Modern NICs use Receive Side Scaling (RSS) through multiple interrupt request lines ( IRQs ). EC2 offers only two of these lines in a virtualized environment, so we tested several configurations with RSS and Receive Packet Steering (RPS) and came to the following settings, partly recommended by the Linux kernel documentation:

  • The IRQ . The first core of each of the two NUMA nodes is configured to receive interrupts from the NIC. To map a CPU to a NUMA node, use lscpu:

    $ lscpu | grep NUMA
    NUMA node(s):          2
    NUMA node0 CPU(s):     0-8,18-26
    NUMA node1 CPU(s):     9-17,27-35

    This setting is done by writing to 0and 9in , where IRQ numbers are obtained through :/proc/irq//smp_affinity_listgrep eth0 /proc/interrupts

    $ echo 0 > /proc/irq/265/smp_affinity_list
    $ echo 9 > /proc/irq/266/smp_affinity_list

  • Receive Packet Steering (RPS). Было протестировано несколько комбинаций для RPS. Чтобы уменьшить задержку, мы разгрузили процессоры от обработки IRQ, используя только CPU под номерами 1–8 и 10–17. В отличие от smp_affinity в IRQ, у sysfs-файла rps_cpus нет постфикса _list, поэтому для перечисления CPU, которым RPS может направлять трафик, используются битовые маски (подробнее см. Linux kernel documentation: RPS Configuration):

    $ echo "00000000,0003fdfe" > /sys/class/net/eth0/queues/rx-0/rps_cpus
    $ echo "00000000,0003fdfe" > /sys/class/net/eth0/queues/rx-1/rps_cpus

  • Transmit Packet Steering (XPS). Все процессоры NUMA 0 (включая HyperThreading, т.е. CPU под номерами 0—8, 18—26) были настроены на tx-0, а процессоры NUMA 1 (9—17, 27—37) — на tx-1 (подробнее см. Linux kernel documentation: XPS Configuration):

    $ echo "00000000,07fc01ff" > /sys/class/net/eth0/queues/tx-0/xps_cpus
    $ echo "0000000f,f803fe00" > /sys/class/net/eth0/queues/tx-1/xps_cpus

  • Receive Flow Steering (RFS). Мы планировали использовать 60 тысяч постоянных подключений, а официальная документация рекомендует округлить это количество до ближайшей степени двойки:

    $ echo 65536 > /proc/sys/net/core/rps_sock_flow_entries
    $ echo 32768 > /sys/class/net/eth0/queues/rx-0/rps_flow_cnt
    $ echo 32768 > /sys/class/net/eth0/queues/rx-1/rps_flow_cnt

  • Nginx. Nginx использовал 18 рабочих процессов, у каждого — свой CPU (0—17). Это настраивается с помощью worker_cpu_affinity:

    workers 18;
    worker_cpu_affinity 1 10 100 1000 10000 ...;

  • Tcpkali. У Tcpkali нет встроенной поддержки привязки к конкретным CPU. Чтобы использовать RFS, мы запускали tcpkali в taskset и настроили планировщик для редкого переназначения потоков:

    $ echo 10000000 > /proc/sys/kernel/sched_migration_cost_ns
    $ taskset -ac 0-17 tcpkali --threads 18 ...

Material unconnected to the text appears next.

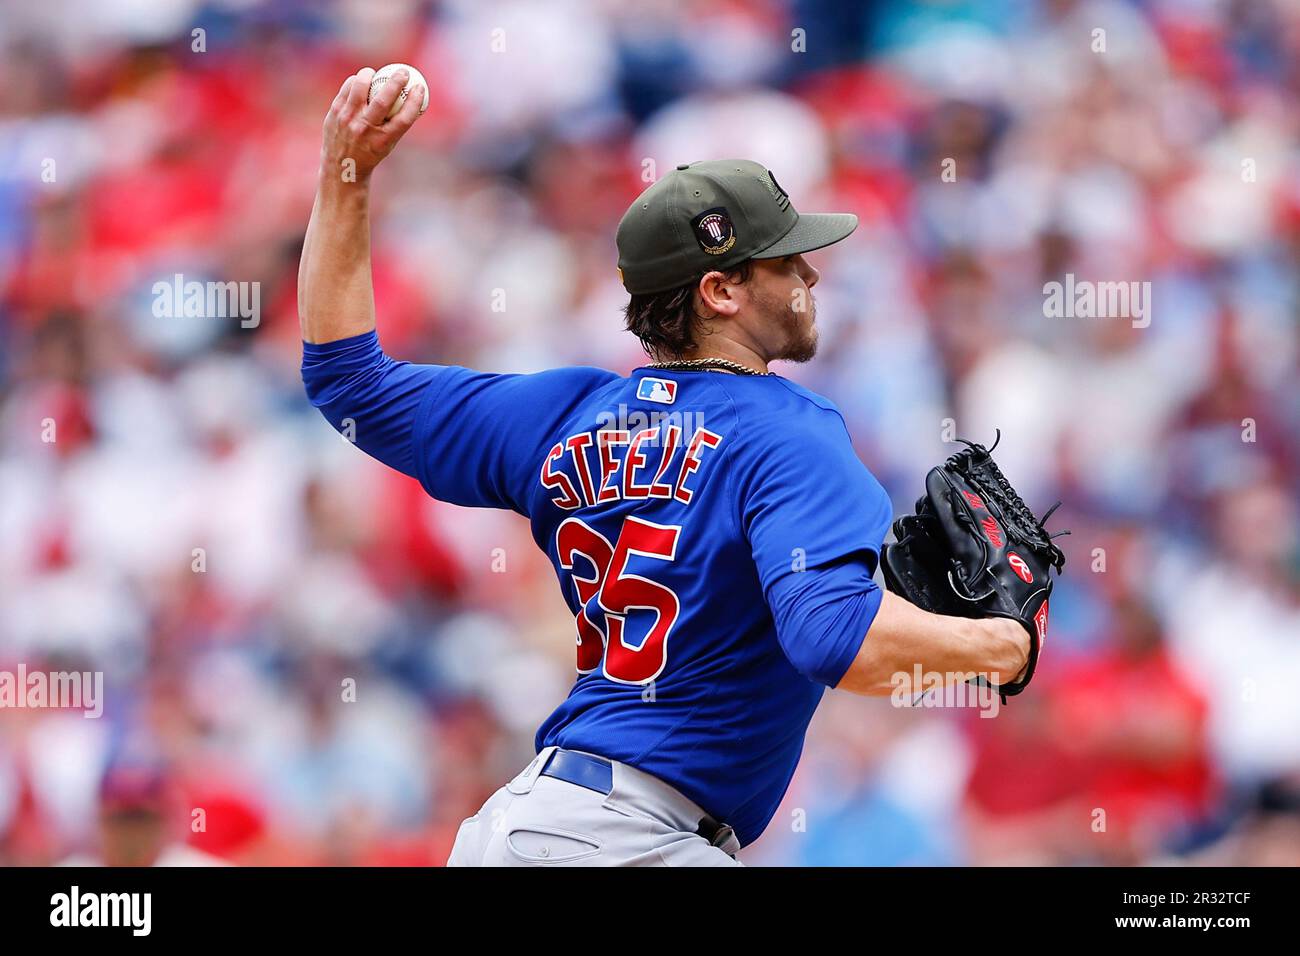 Justin Steele #35 of the Chicago Cubs on the mound during the 2023 MLB  London Series match St. Louis Cardinals vs Chicago Cubs at London Stadium,  London, United Kingdom, 24th June 2023 (

This configuration made it possible to evenly distribute the load on interrupts across the processor cores and achieve better throughput while maintaining the same delay as in other tested configurations.

Kernels 0 and 9 only service network interface interrupts (NICs) and do not work with packets, but they remain the busiest: I



also used tuned from Red Hat with the network-latency profile enabled.

NOTRACK rules have been added to minimize the impact of nf_conntrack .

The sysctl configuration was configured to support a large number of TCP connections:

fs.file-max = 1024000
net.ipv4.ip_local_port_range = "2000 65535"
net.ipv4.tcp_max_tw_buckets = 2000000
net.ipv4.tcp_tw_reuse = 1
net.ipv4.tcp_tw_recycle = 1
net.ipv4.tcp_fin_timeout = 10
net.ipv4.tcp_slow_start_after_idle = 0
net.ipv4.tcp_low_latency = 1

From a translator : Many thanks to colleagues from Machine Zone, Inc for the testing! It helped us, so we wanted to share it with others.

PS You might also be interested in our article “ Container Networking Interface (CNI) - Network Interface and Standard for Linux Containers ”.